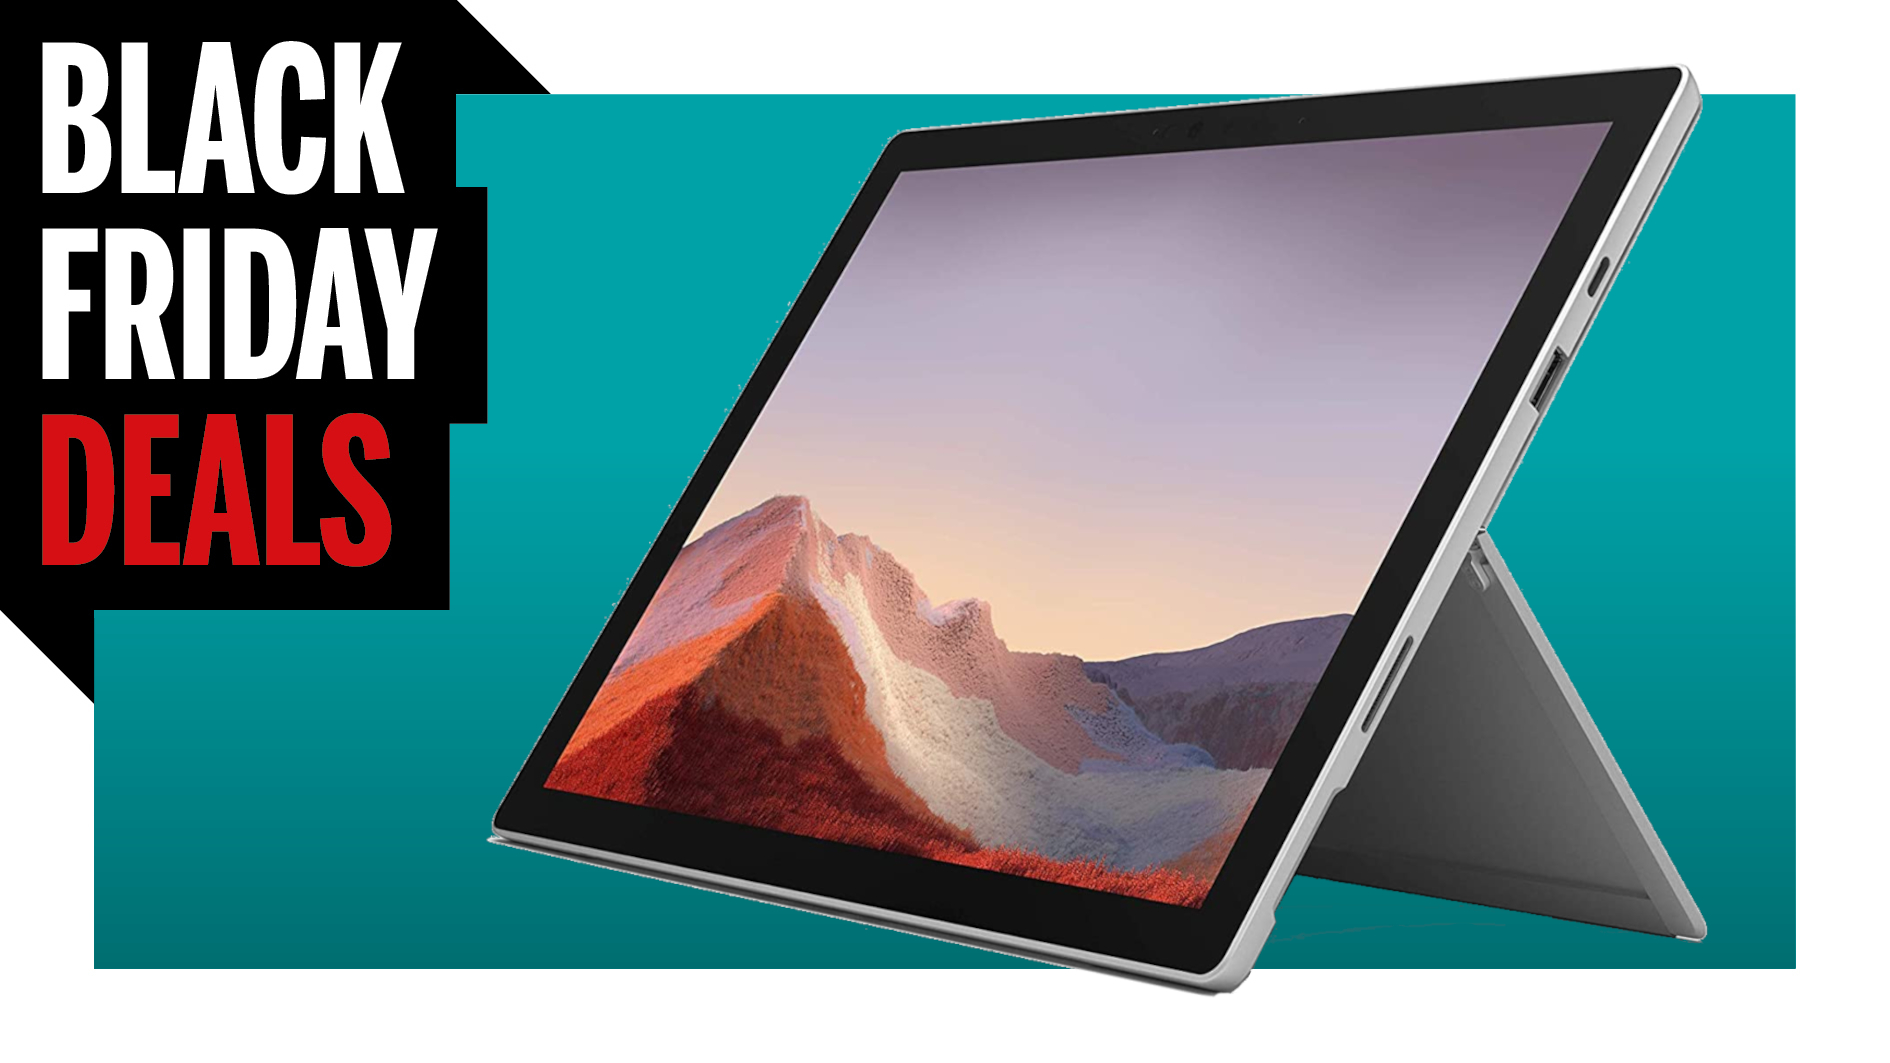  Get a Microsoft Surface Pro 7 for only $599 
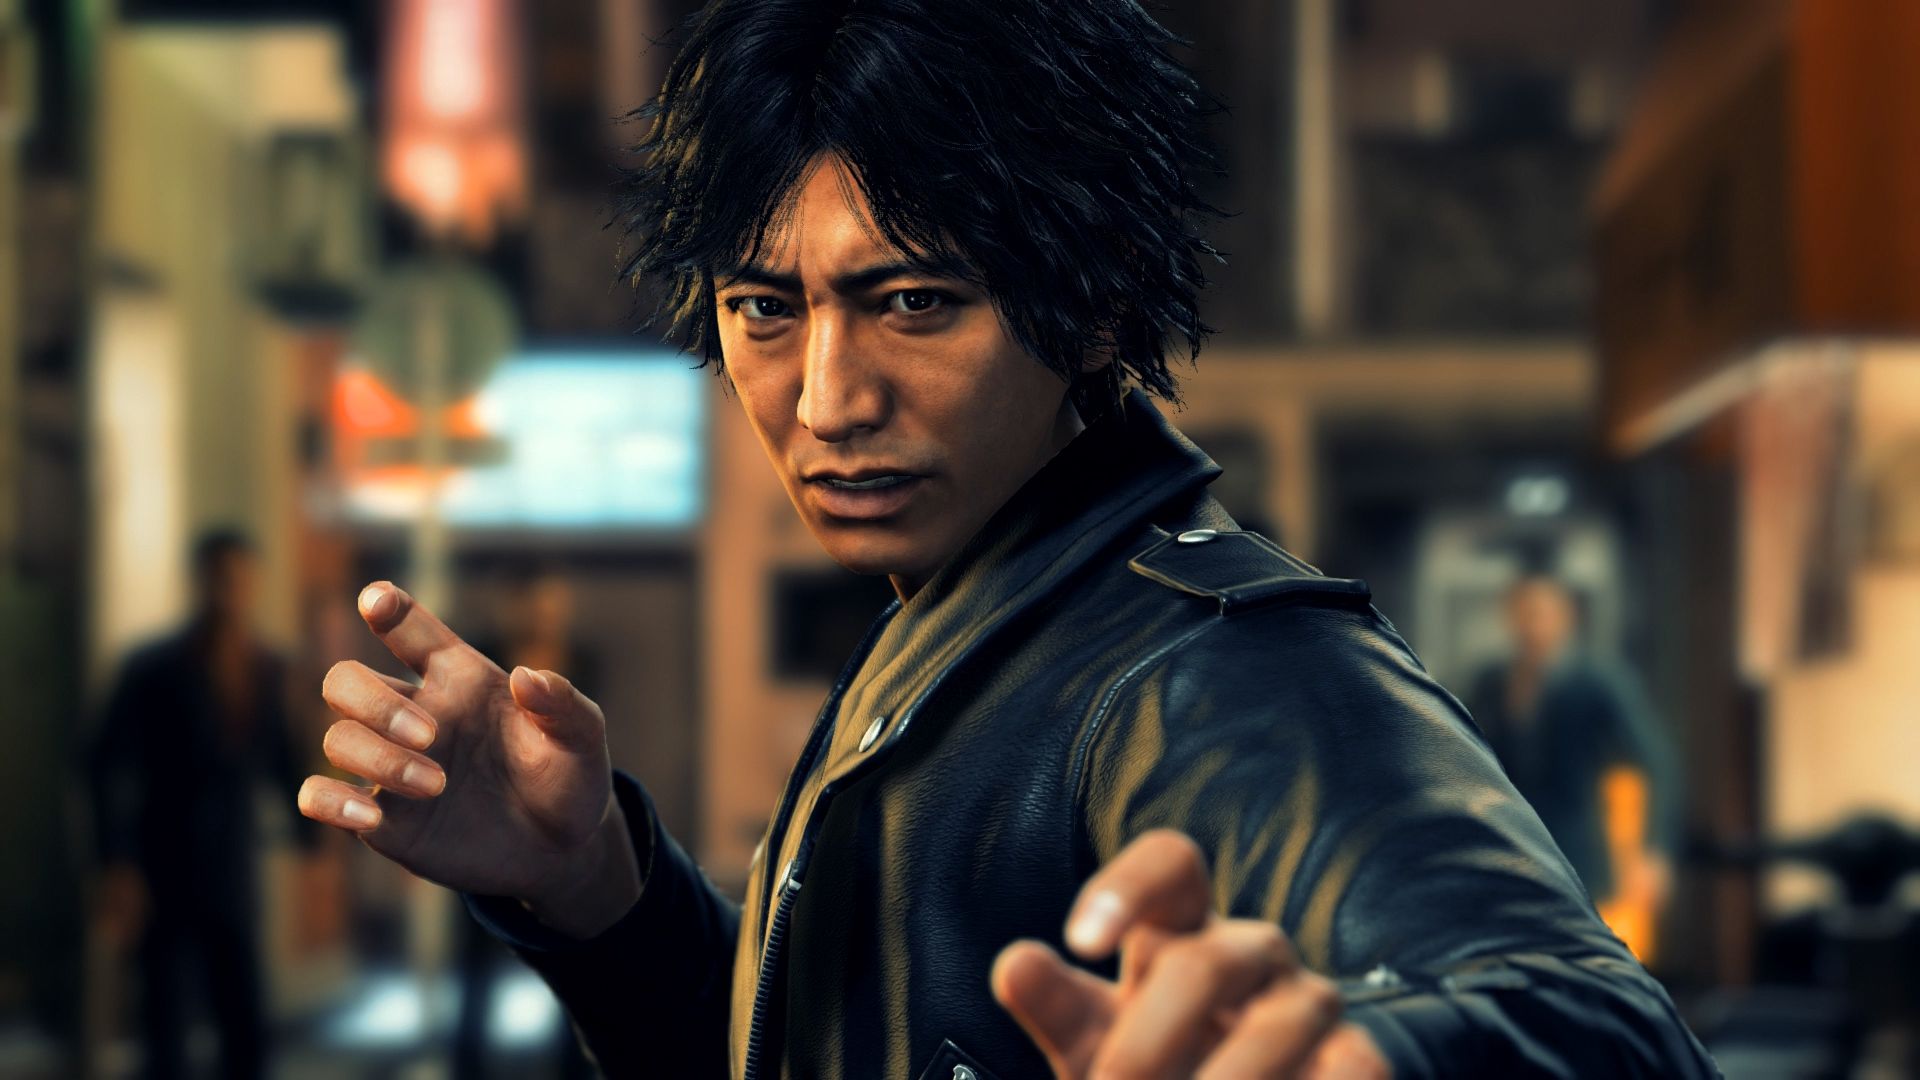 Judgment Makes A Familiar Crime Drama Feel New, The Latest From The Yakuza Devs
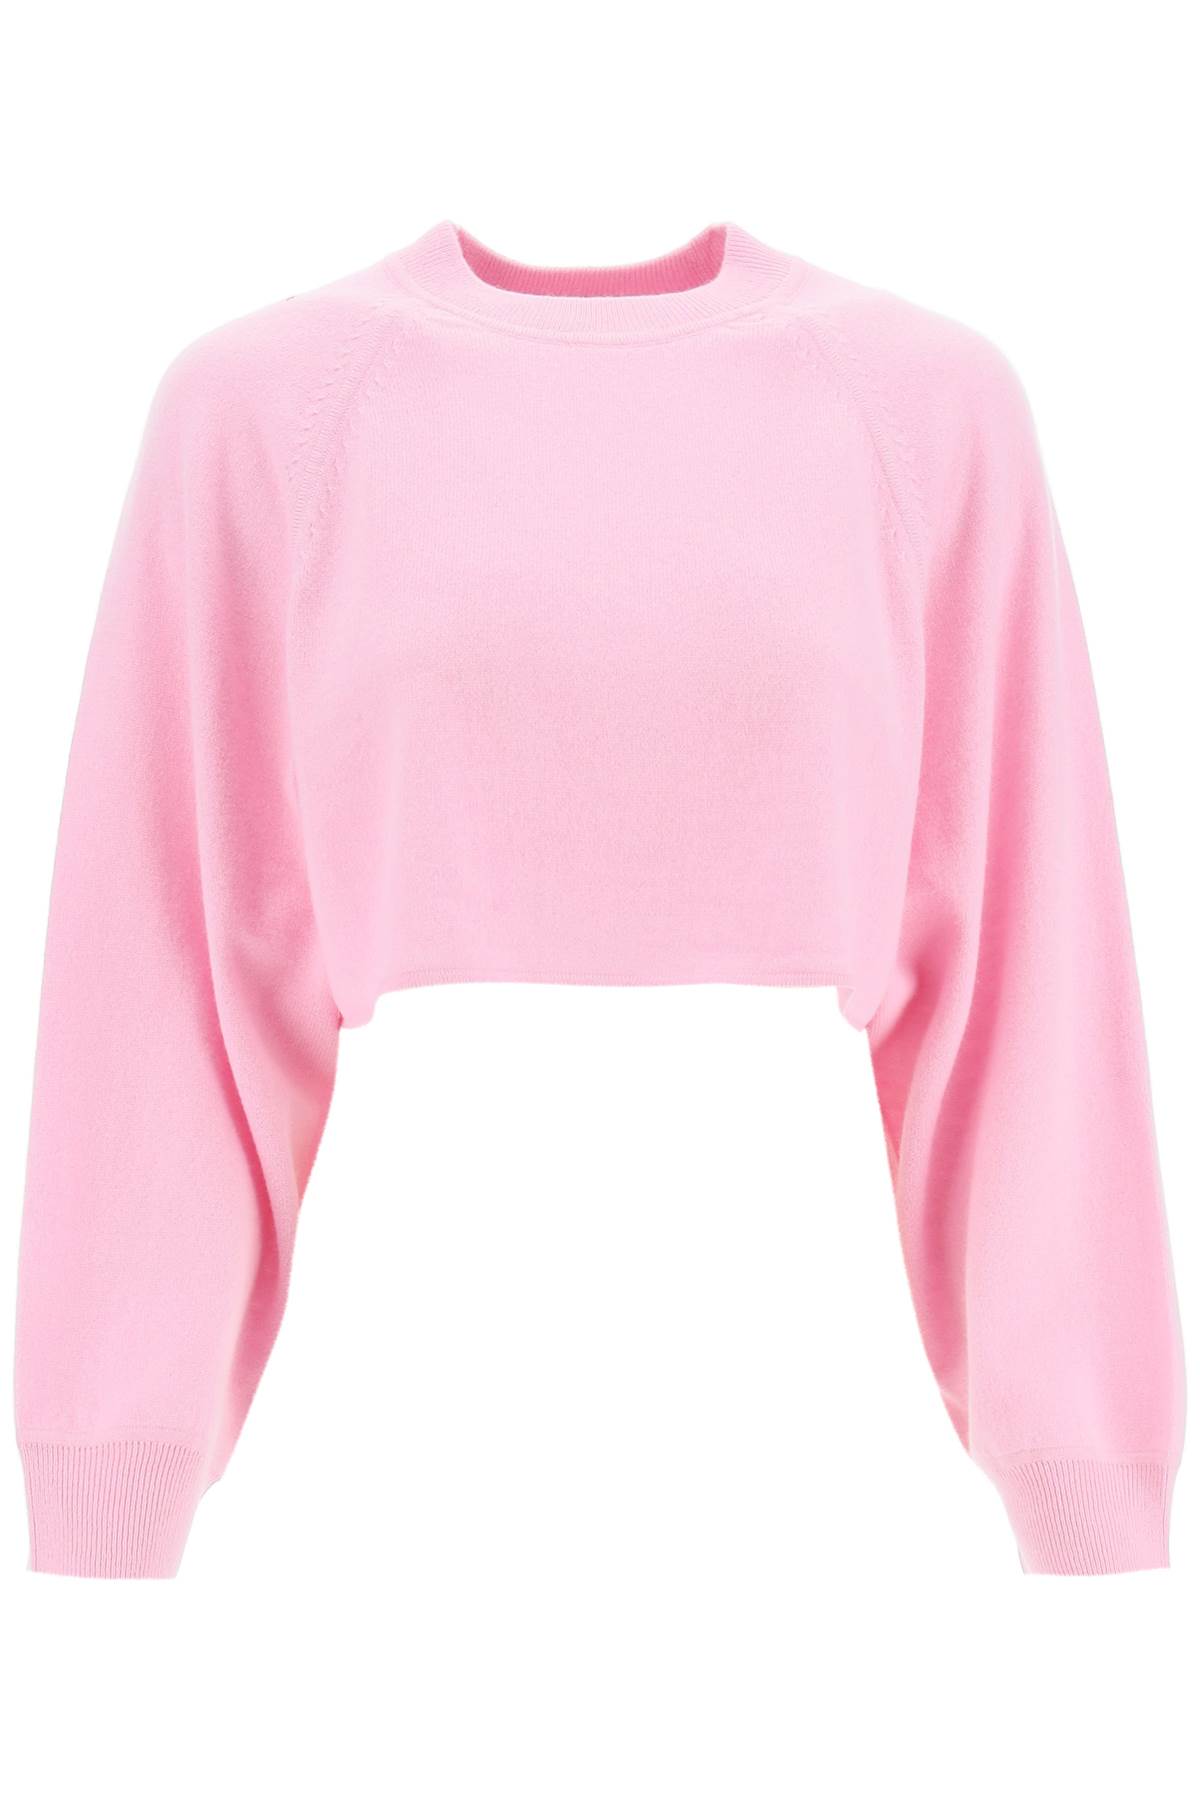 Loulou Studio bocas Cashmere Cropped Sweater

· · ·

EXERCISE: Find the line containing "Judgment Makes A", then extract it and every line after it to the end of the data above, exactly and nothing else, without pictures.

ANSWER SECTION:
 Judgment Makes A Familiar Crime Drama Feel New, The Latest From The Yakuza Devs
 Loulou Studio bocas Cashmere Cropped Sweater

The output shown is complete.